Head and neck cancers (HNCs) are the seventh most prevalent cancer worldwide, accounting for approximately 890,000 new cases and 450,000 deaths in 2022.1 HNCs comprise a heterogeneous group of tumors, the majority of which are of epithelial origin, with squamous cell carcinomas (SCCs) accounting for more than 90% of cases. Various therapeutic options are available for HNCs, among which radiotherapy (RT) and chemoradiotherapy serve as cornerstone treatments, either as definitive or adjuvant approaches, depending on the primary tumor site and disease stage.2,3 These therapeutic approaches have demonstrated significant improvements in local recurrence-free survival, progression-free survival, and overall survival.2 Nevertheless, both acute and late radiation-related toxicities, are common and negatively impact quality of life (QoL).4 Current efforts, both clinical and technological advances, are aimed to reduce radiation-related toxicities while preserving treatment efficacy, as maintaining good QoL is a key priority for patients with cancer.

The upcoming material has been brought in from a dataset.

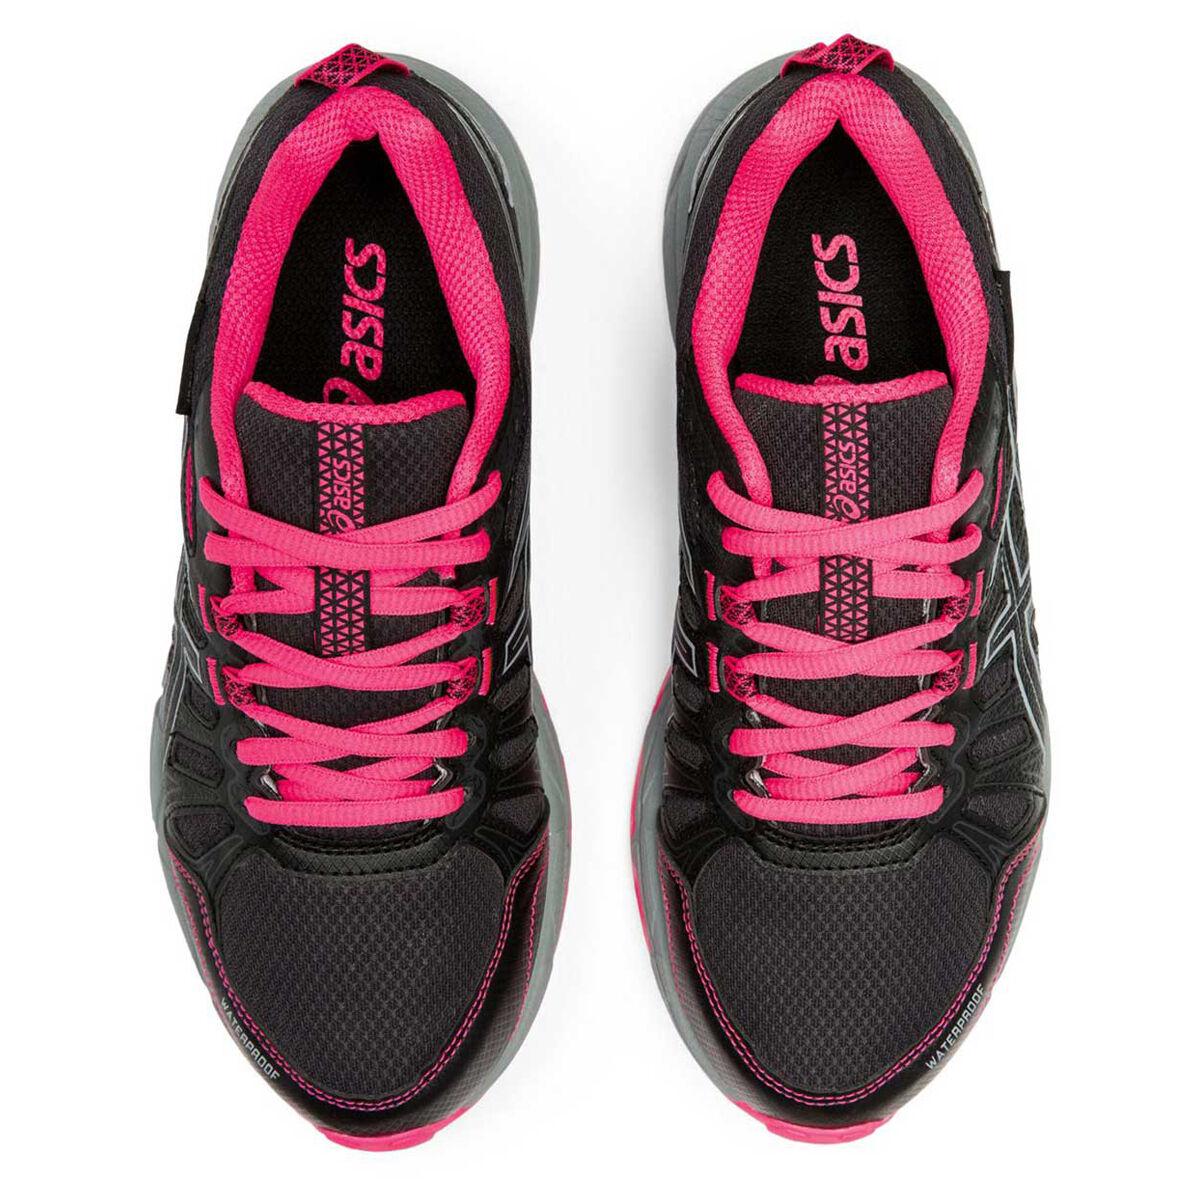 Asics GEL Venture 7 Kids Running Shoes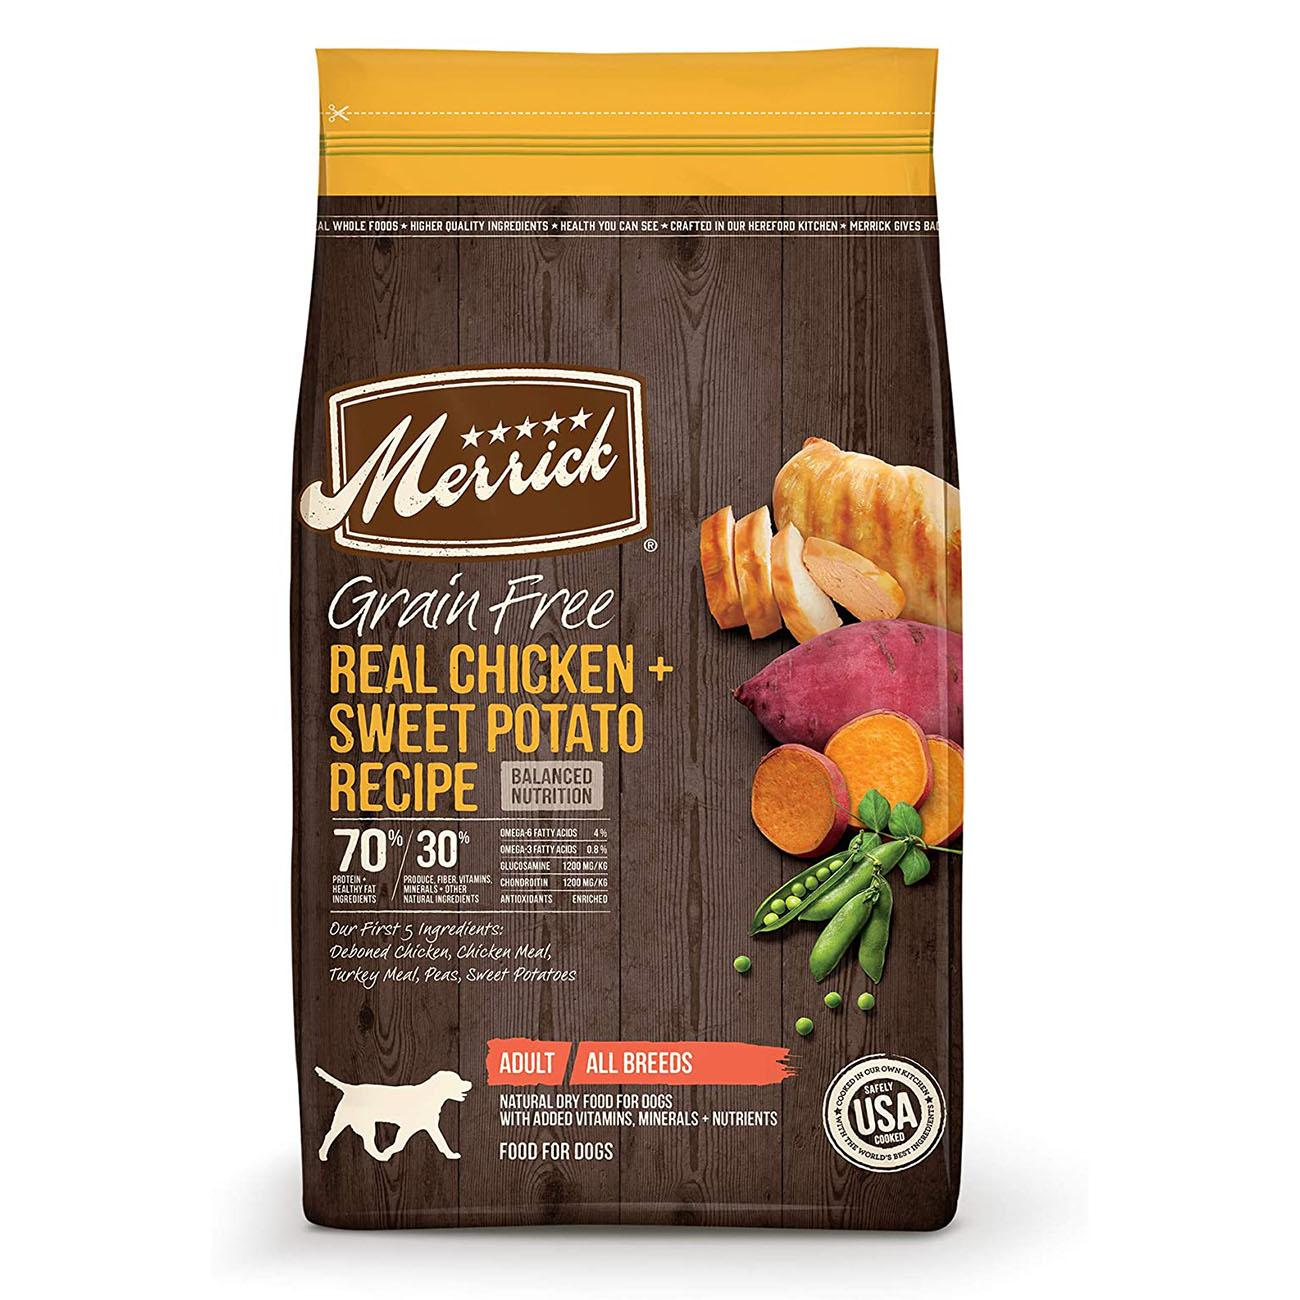 Merrick Grain-Free Dry Dog Food - Real Chicken & Sweet Potato Recipe

Accurate tumor delineation is crucial in RT, as it directly influences both treatment efficacy and toxicity outcomes. Precise identification of tumor boundaries enables adequate dose delivery to malignant tissues while sparing adjacent healthy tissues, hereby contributing to higher tumor control and cure rates by ensuring adequate dose delivery to tumor, while minimizing damage to normal structures. Advances in imaging and contouring/segmentation technologies continue to enhance the accuracy and consistency of tumor delineation, resulting in safer and more effective RT planning.

This review aims to summarize and critically appraise current evidence regarding the role of fibroblast activation protein inhibitors (FAPI) positron emission tomography (PET) in RT planning and assessment in HNCs, with a particular focus on its performance compared to the current gold standard using F-18 fluorodeoxyglucose (FDG) PET and its potential clinical impact.